Software, Data, and Stuff

Building a System in #Clojure 1 - Overview

This is the first of n articles about building systems in Clojure. Clojure is a beautiful language and I have been fascinated from the first moment I laid eyes on it last summer. However, what remained a mystery to me for most of the time was how to build more complex systems. I started researching the options that would allow me to structure an arbitrarily complex application in a way that is easy to understand and maintain. Here is what I found.

As an example for such a system, we will be looking at the Clojure rewrite of an application I wrote last year: BirdWatch. This application subscribes to the Twitter Streaming API for all tweets that contain one or more terms out of a set of terms and makes the tweets searchable through storing them in ElasticSearch. A live version of the Clojure version of this application is available here:

In this first installment we will be looking at the basic architecture of the server side. Let's start with an animation 1 to demonstrate how components in the system get wired up when the application initializes before we go into details.
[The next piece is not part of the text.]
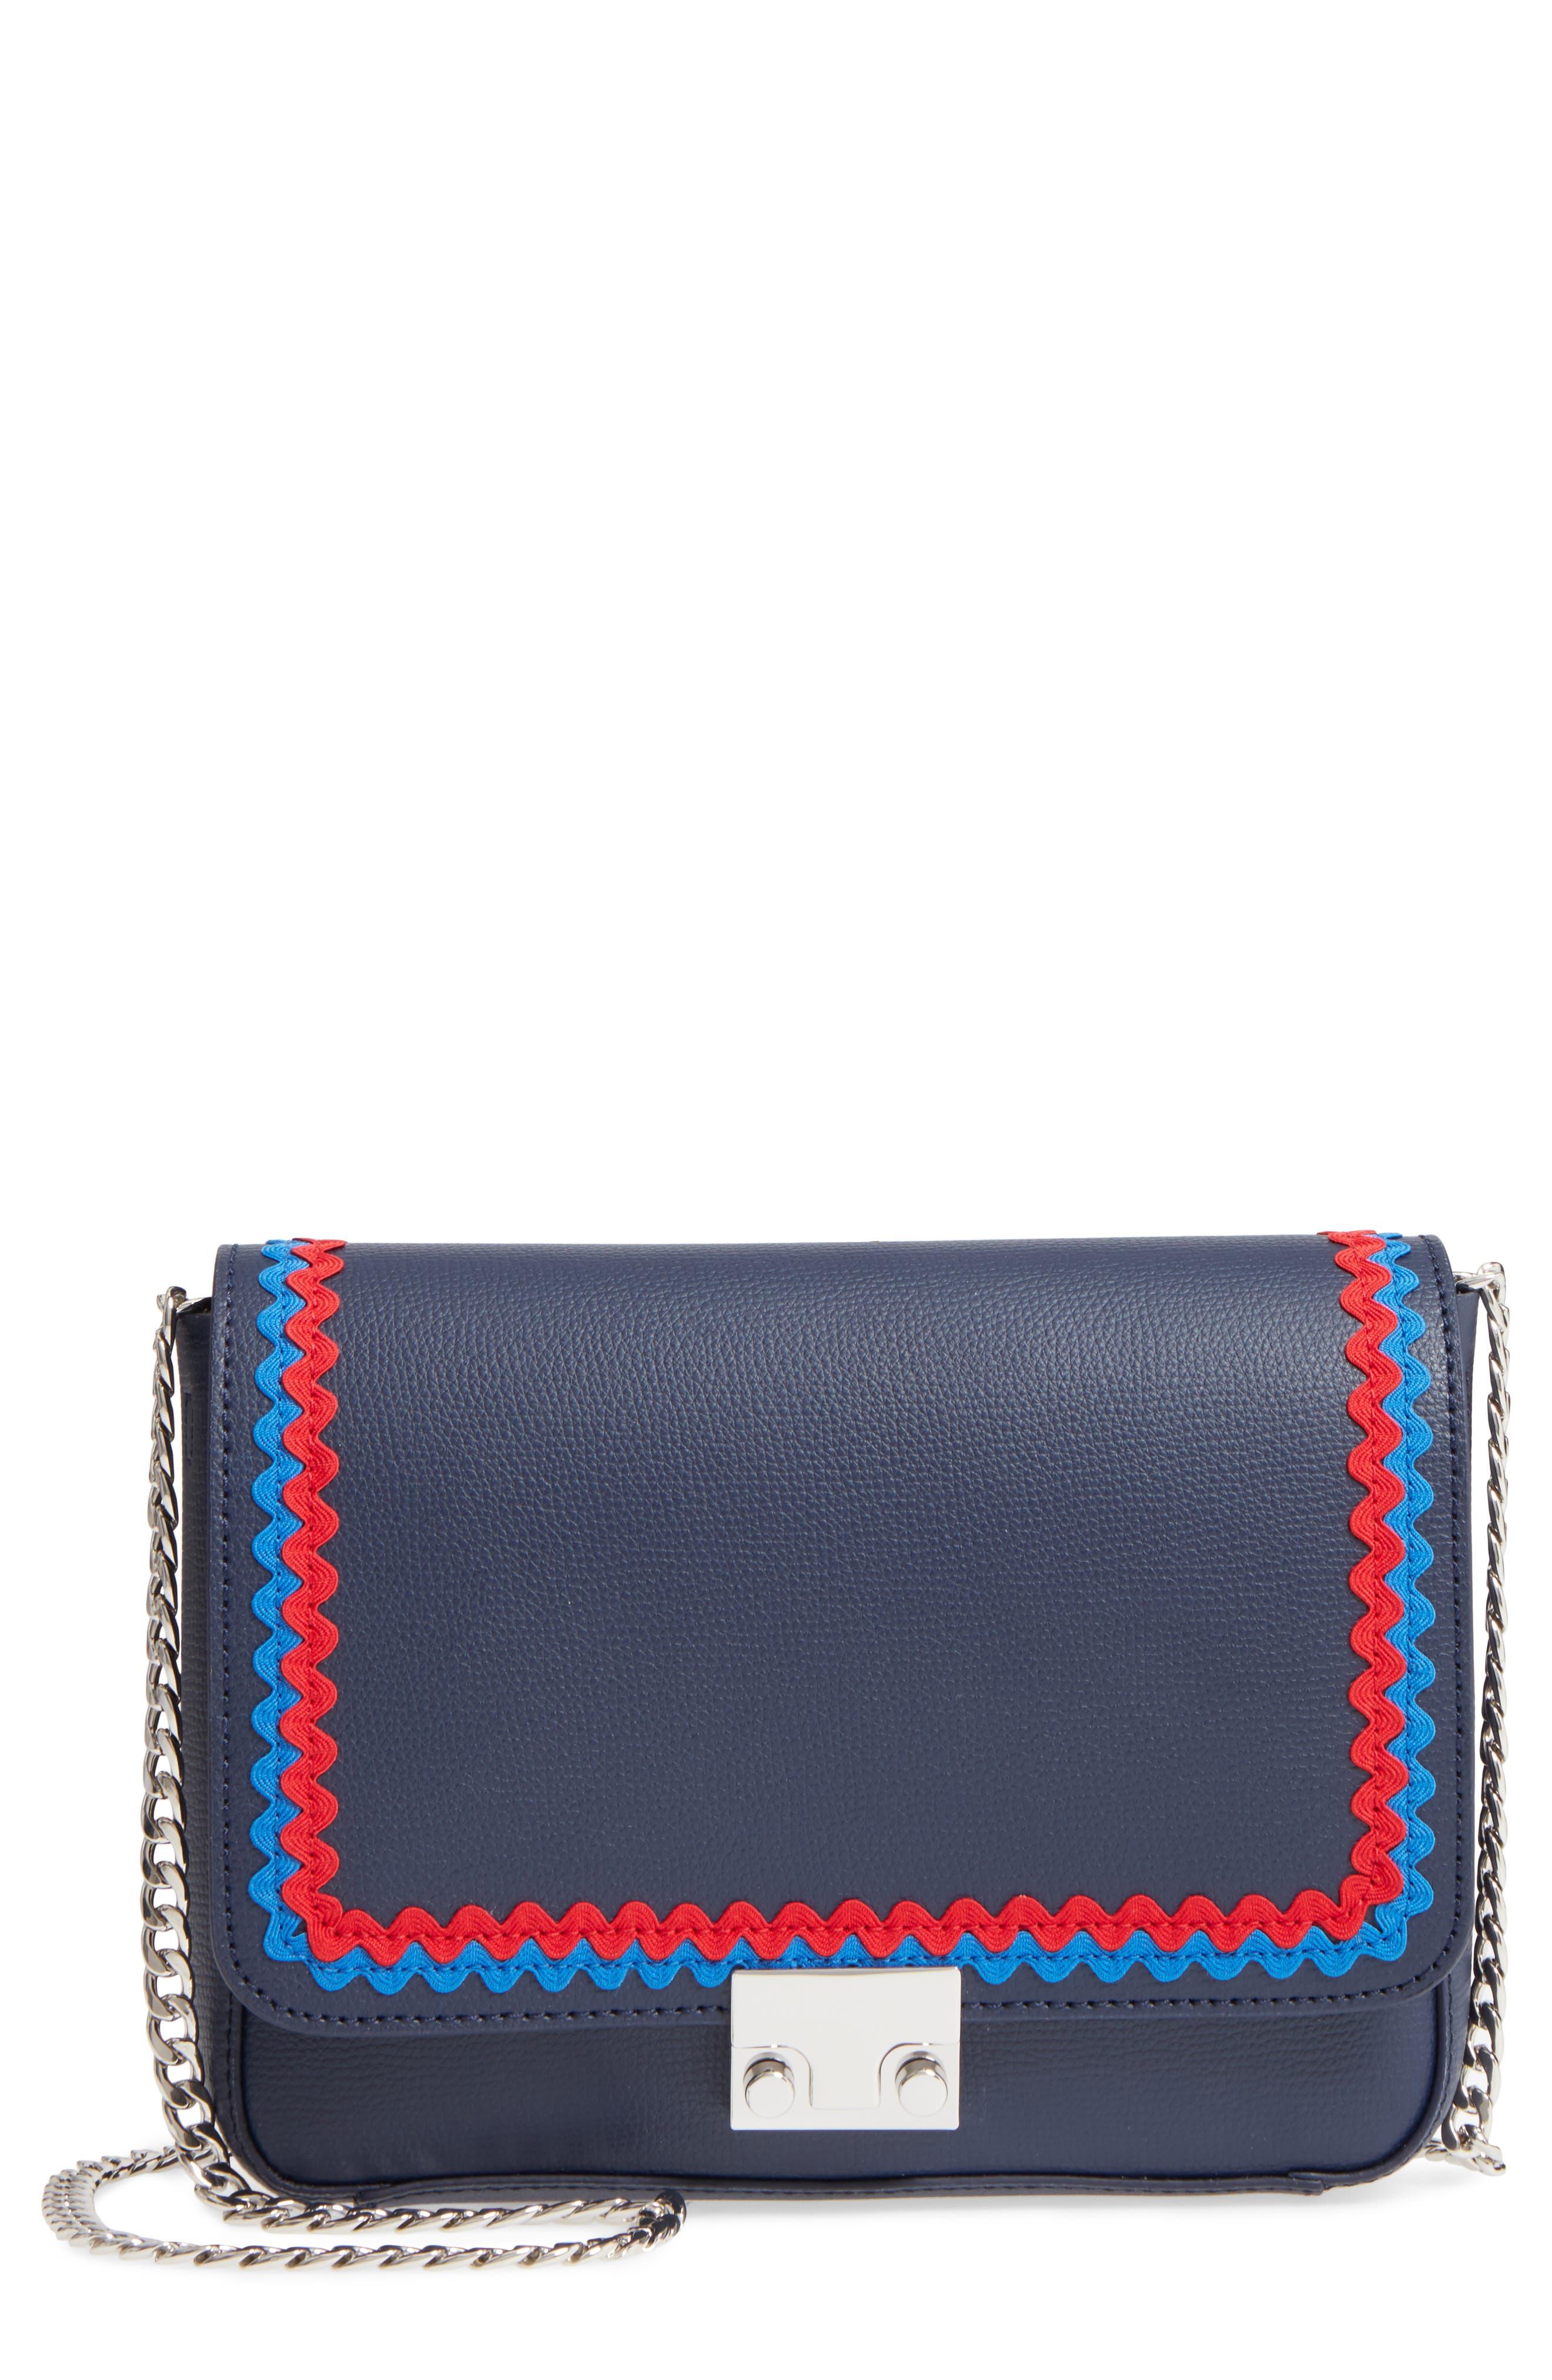 Lock Leather Flap Clutch/Shoulder Bag,                             Main thumbnail 1, color,

The architecture above is a huge improvement over the first version and was only possible thanks to Stuart Sierra's component library. This new version has cleanly separated components with no dependencies between namespace at all (except, of course, in the main namespace that wires everything together). But the individual components don't know anything about each other except for where the components in the animation touch each other. And even there, it is mostly just plain core.async channels.

In the initial version that I wrote, where everything depended on everything, things were very different. Some people would call that "spaghetti code", but I think that is not doing justice to spaghetti. Unlike bad code, I don't mind touching spaghetti. I would rather liken bad code to hairballs, of the worst kind that is. Have you ever experienced the following: you are standing in the shower and the water doesn't drain. You notice something in the sink, so you squat down to pull it out only to start screaming, "Oh my god, it's a dead rat" a second later. I am referring to that kind of entangled hairball mess, nothing less. On top, you may even hit your head when you jump up in disgust.

This is where dependency injection comes in. Can we agree that we don't like hairballs? Good. Usually, what we are trying to achieve is a so-called inversion of control, in which a component of the application knows that it will be injected something which implements a known interface at runtime. Then, no matter what the actual implementation is, it knows what methods it can call on that something because of the implemented interface.

Here, unlike in object-oriented dependency injection, things are a little different because we don't really have objects. The components play the role of objects, but as a further way of decoupling, I wanted them to only communicate via core.async channels. Channels are a great abstraction. Rich Hickey likens them to conveyor belts onto which you put something without having to know at all what happens on the other side. We will have a more detailed look at the channels in the next article. For now, as an abstraction, we can think about the channel components (the flat ones connecting the components with the switchboard) as wiring harnesses, like the one that connects the electronics of your car to your engine. The only way to interface with a modern engine (that doesn't have separate mechanical controls) is by connecting to this wiring harness and either send or receive information, depending on the channel / cable that you interface with.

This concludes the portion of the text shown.